You can use pdist or apply the distance formula to all pairs of points to get the distance between all pairs of points and then determine which paired-distances fall below your threshold.
Demo
This demo creates a set of (x,y) coordinates and uses pdist to compute the paired distances.
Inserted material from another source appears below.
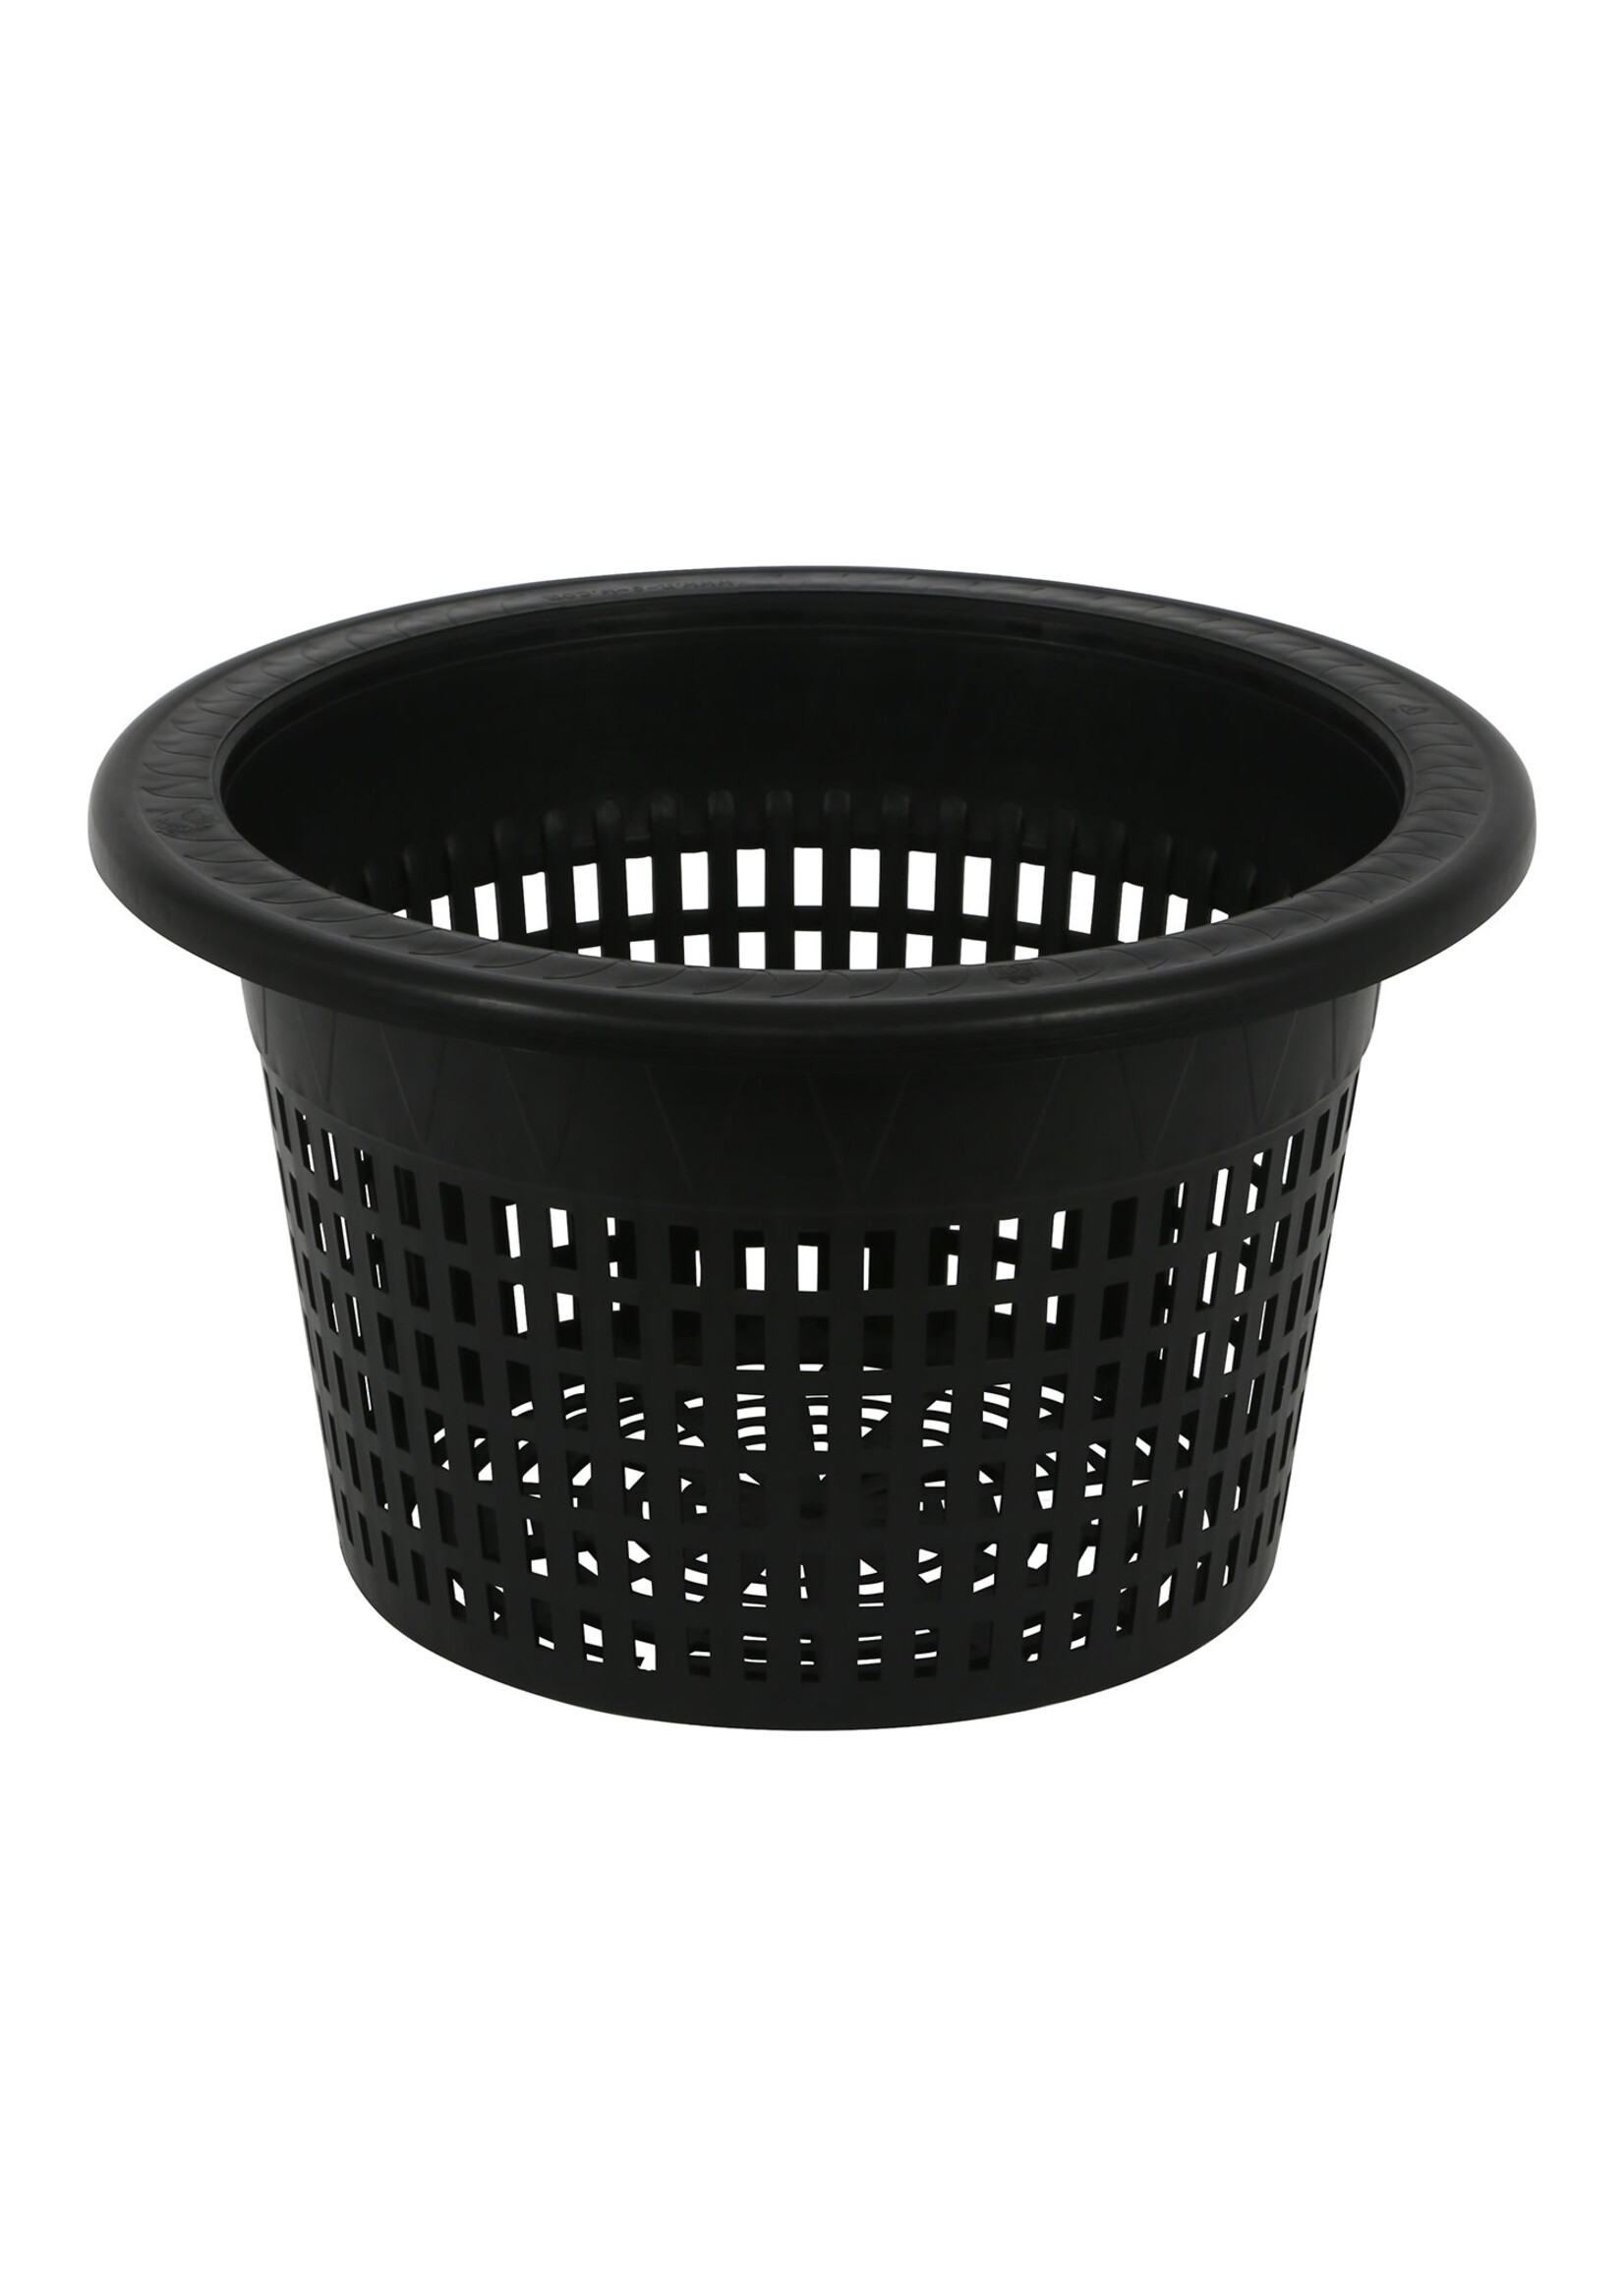 Gro Pro Gro Pro Mesh Pot/Bucket Lid 10 in (50/Cs)

It then plots a distribution of distances that you can use to choose a threshold that defines a distance considered to be 'overlapping'. Lastly, it marks the paired coordinates whose distances are below the threshold.
  • xy is an nx2 matrix of [x,y] coordinates
  • threshold is a value you choose to define 'near'
  • nearIdx is a vector of indices showing which values in xy are 'near'
% Create (x,y) coordinates
rng('default')
xy = rand(30,2);
% Plot raw data
figure()
tiledlayout(2,2)
ax1 = nexttile();
plot(ax1, xy(:,1), xy(:,2), 'bo', 'MarkerSize', 10)
title(ax1, 'Raw data')
% Compute paired distances
pairedDist = squareform(pdist(xy)) + triu(inf(size(xy,[1,1])));
% Plot distribution of distances to choose a threshold
ax2 = nexttile();
histogram(ax2, pairedDist(:),50)
title(ax2, 'Paired distances')
threshold = 0.10;
xline(ax2, threshold, 'r-', 'Theshold')
% Find points that are below threshold distance
[xIdx,yIdx] = find(pairedDist < threshold);
nearIdx = [xIdx; yIdx];
% Plot the paired points that are 'near'
hold(ax1, 'on')
plot(ax1, xy(nearIdx,1), xy(nearIdx,2), 'rx')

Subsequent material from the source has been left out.